### PROVIDED DATA

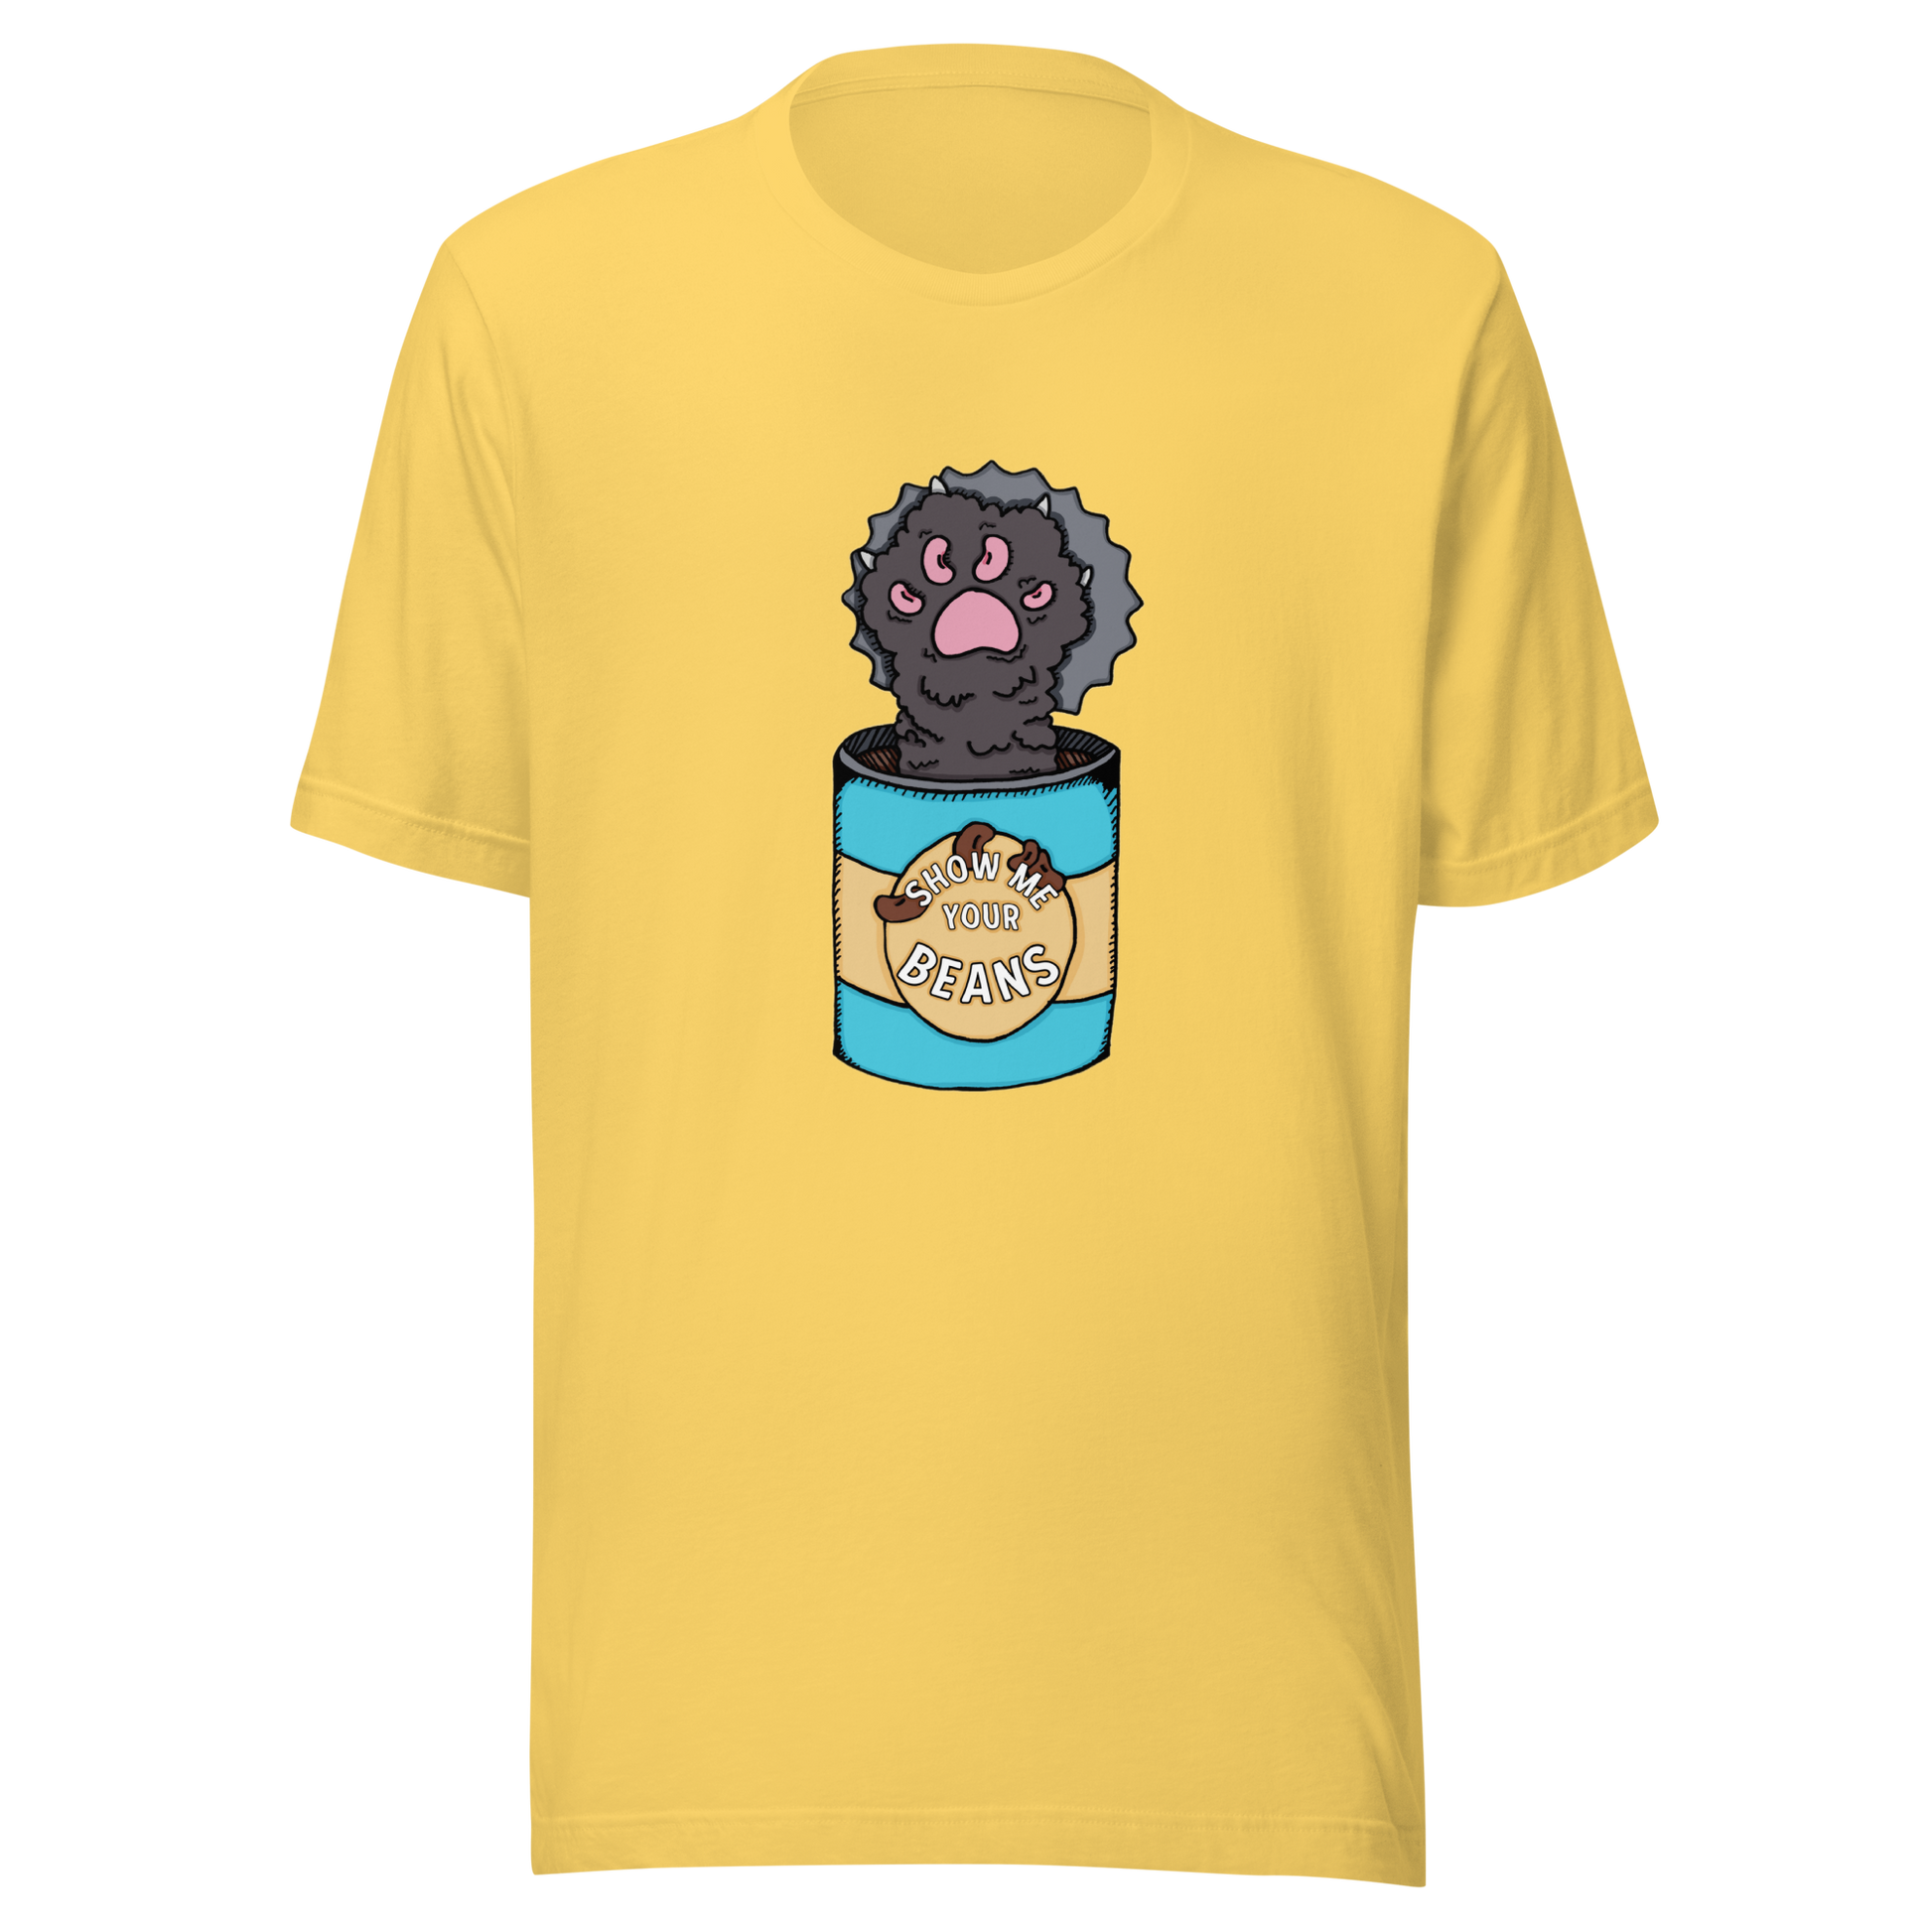 show me your beans t-shirt in yellow - gaslit apparel
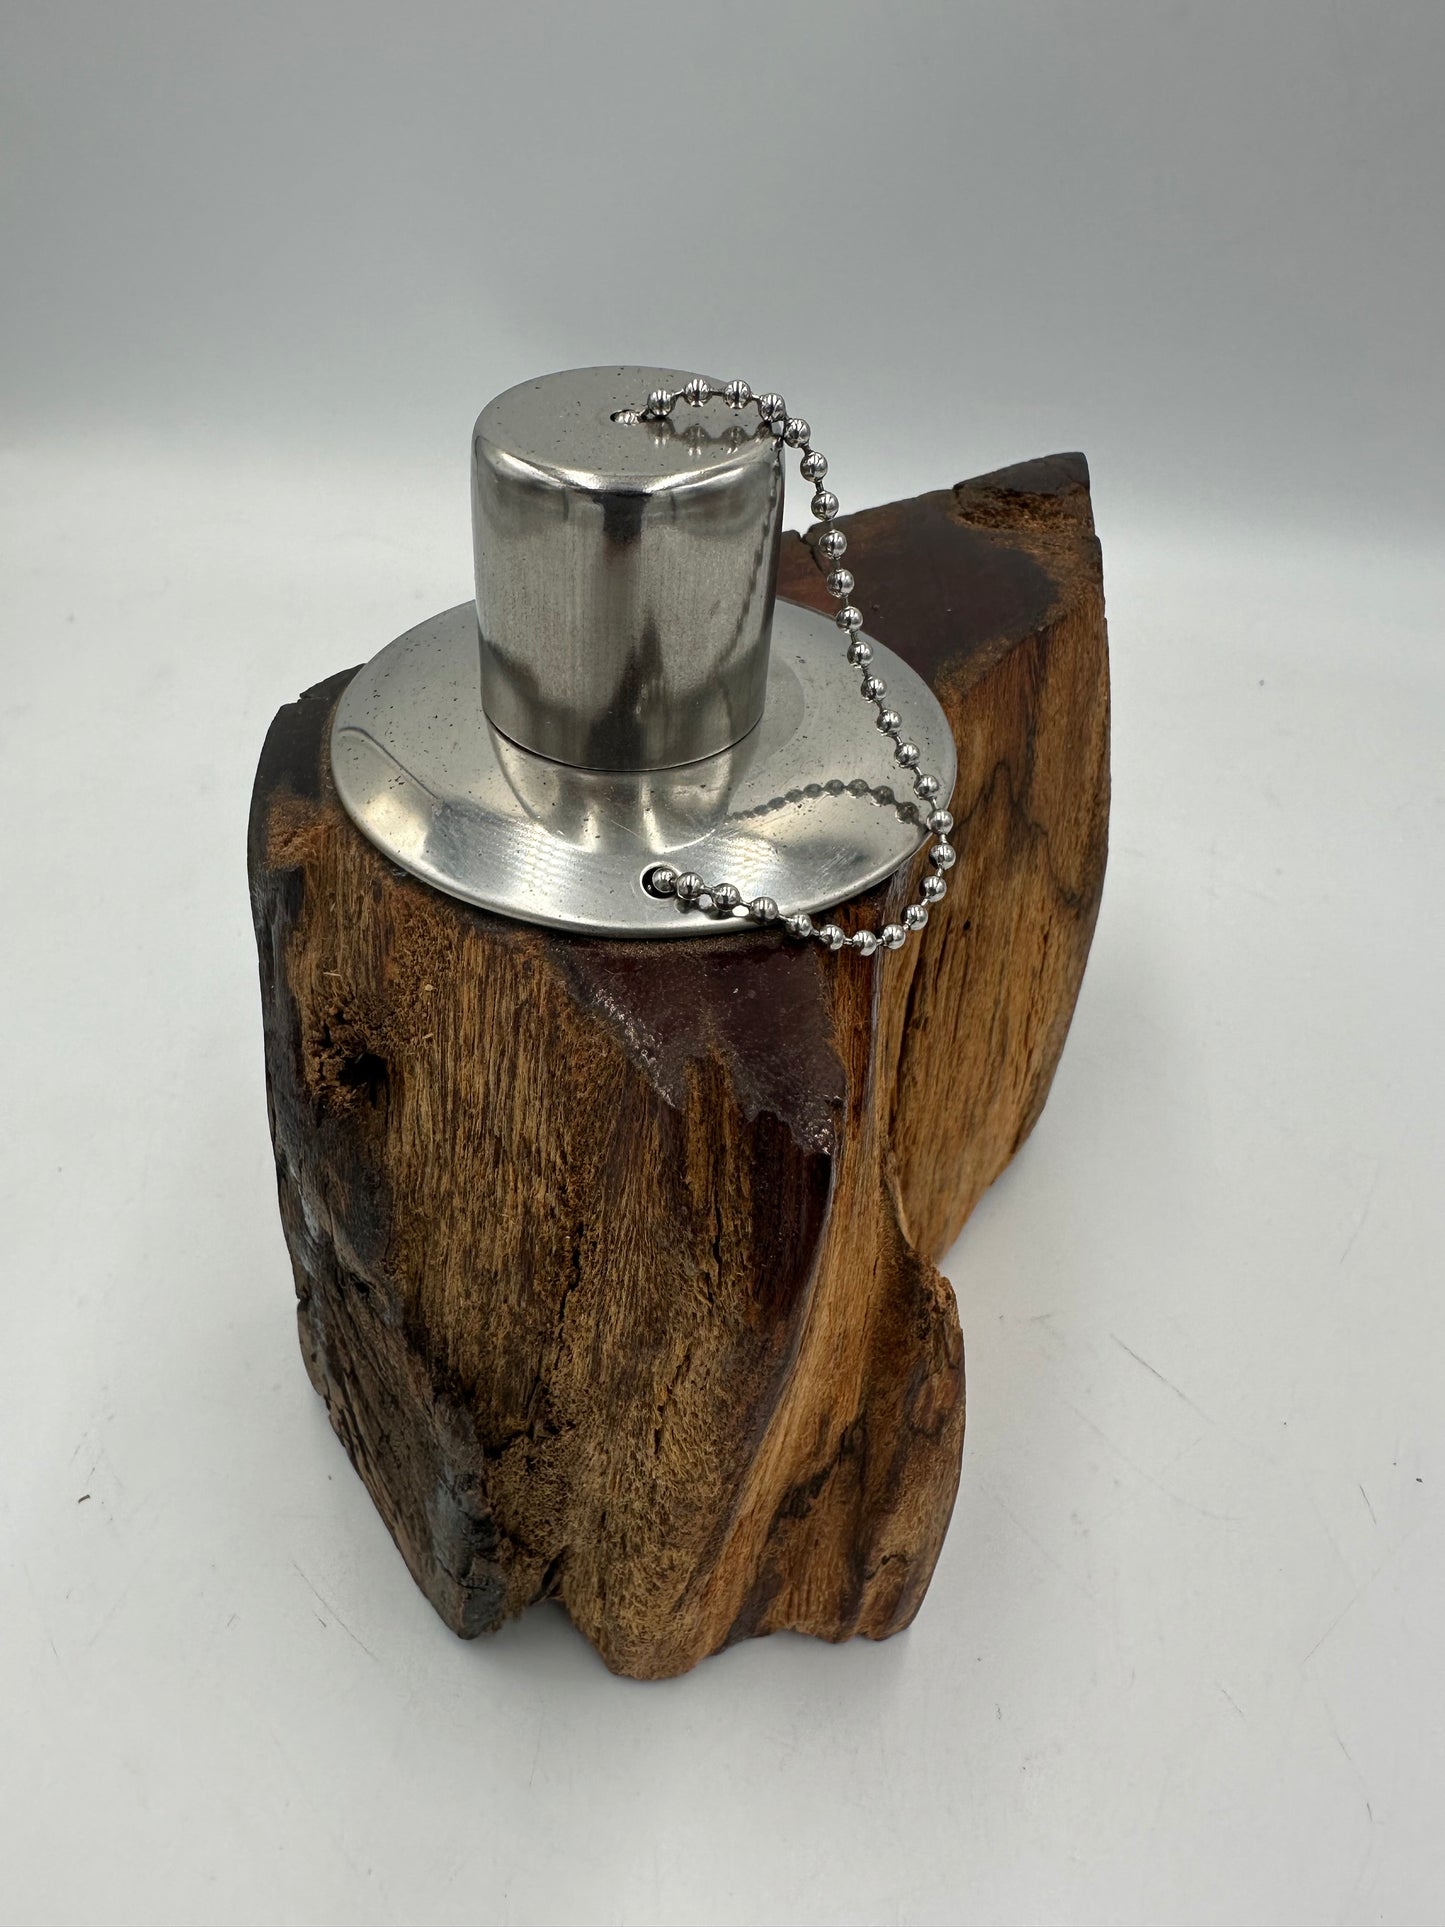 Recycled Wooden Oil Burner Small 48
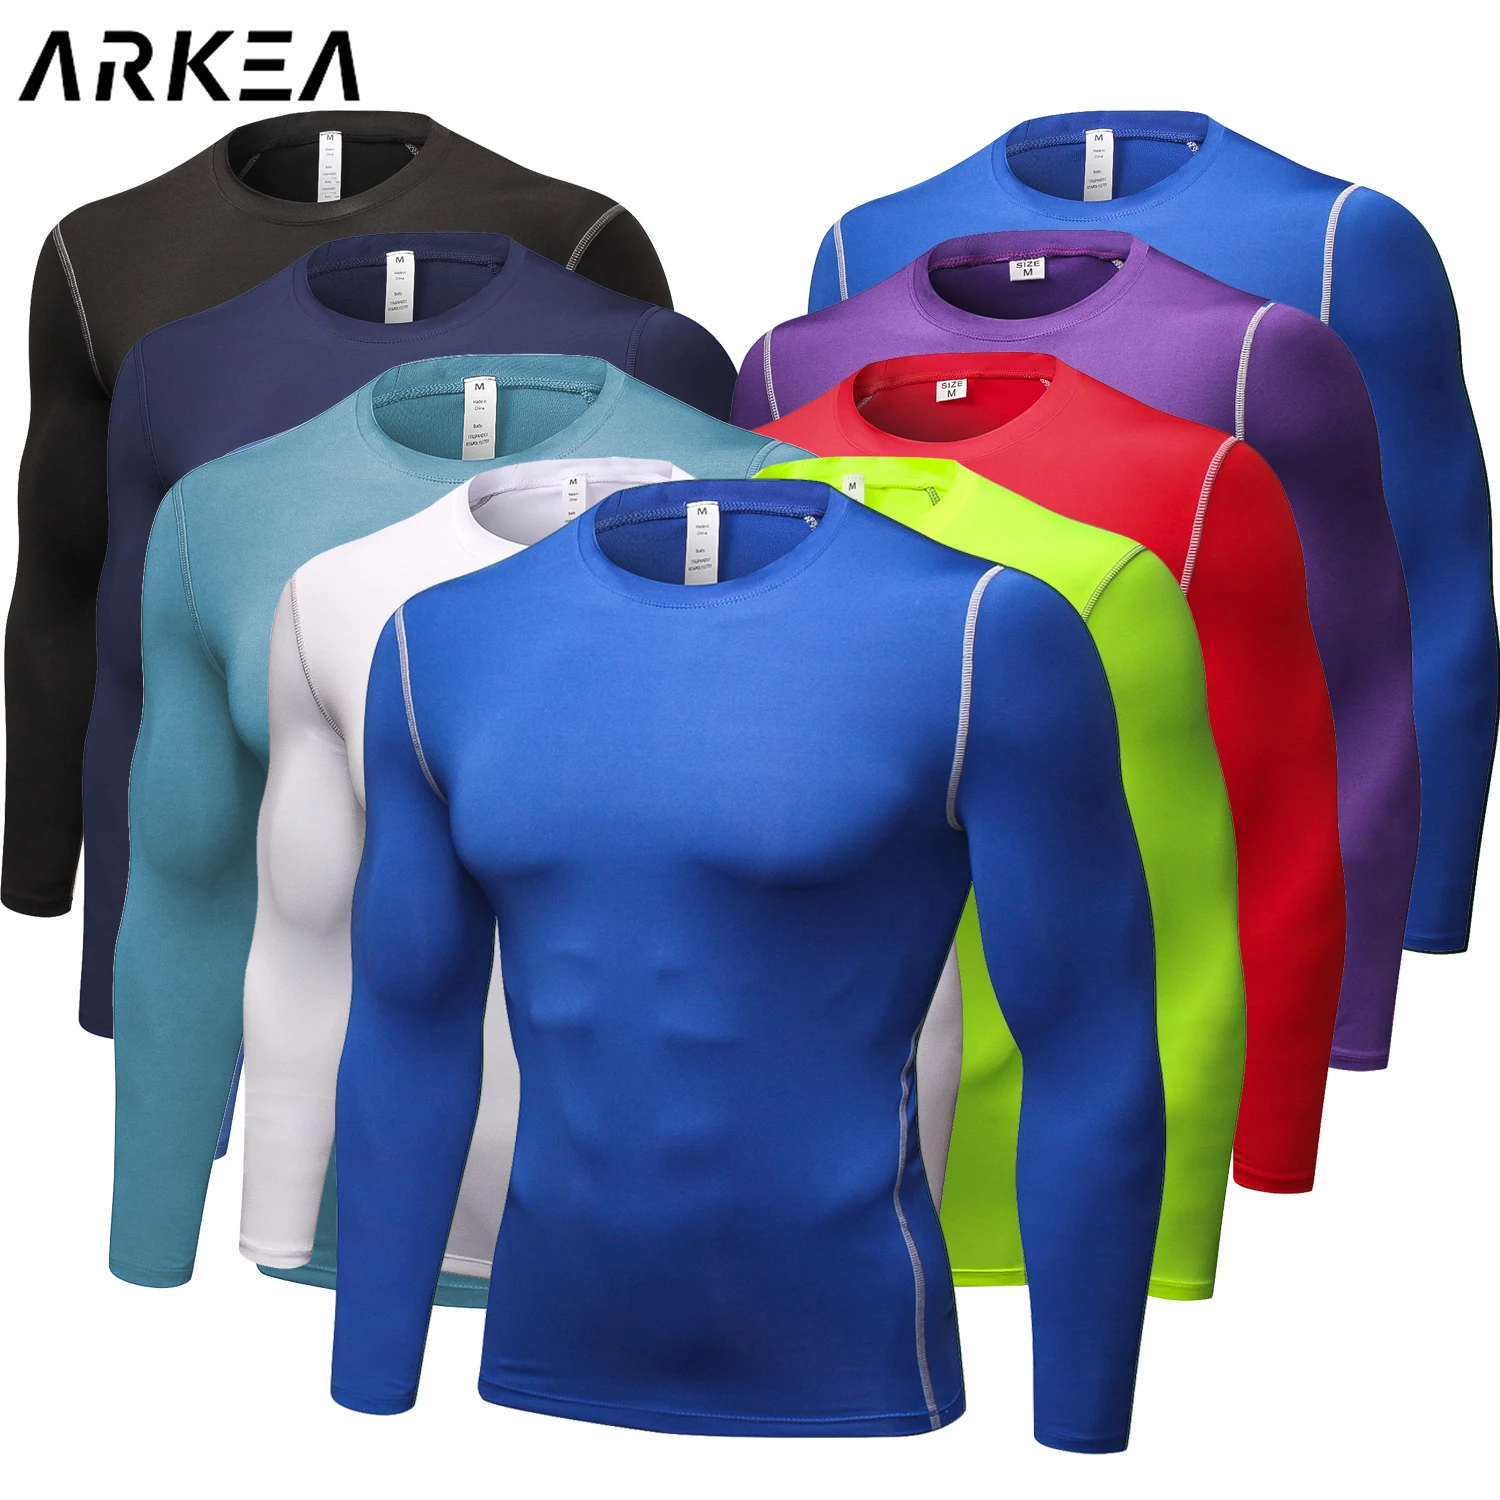 

Bodybuilding Sport T-shirt Quick Dry Running Shirt Long Sleeve High elasticity Compression Top Gym clothes Fitness Tight shirt

### ASSIGNMENT
What you return should be all of the material above, exactly, and none of its pictures.

### WRITTEN SOLUTION
 show me your beans t-shirt in yellow - gaslit apparel
 Recycled Wooden Oil Burner Small 48

Bodybuilding Sport T-shirt Quick Dry Running Shirt Long Sleeve High elasticity Compression Top Gym clothes Fitness Tight shirt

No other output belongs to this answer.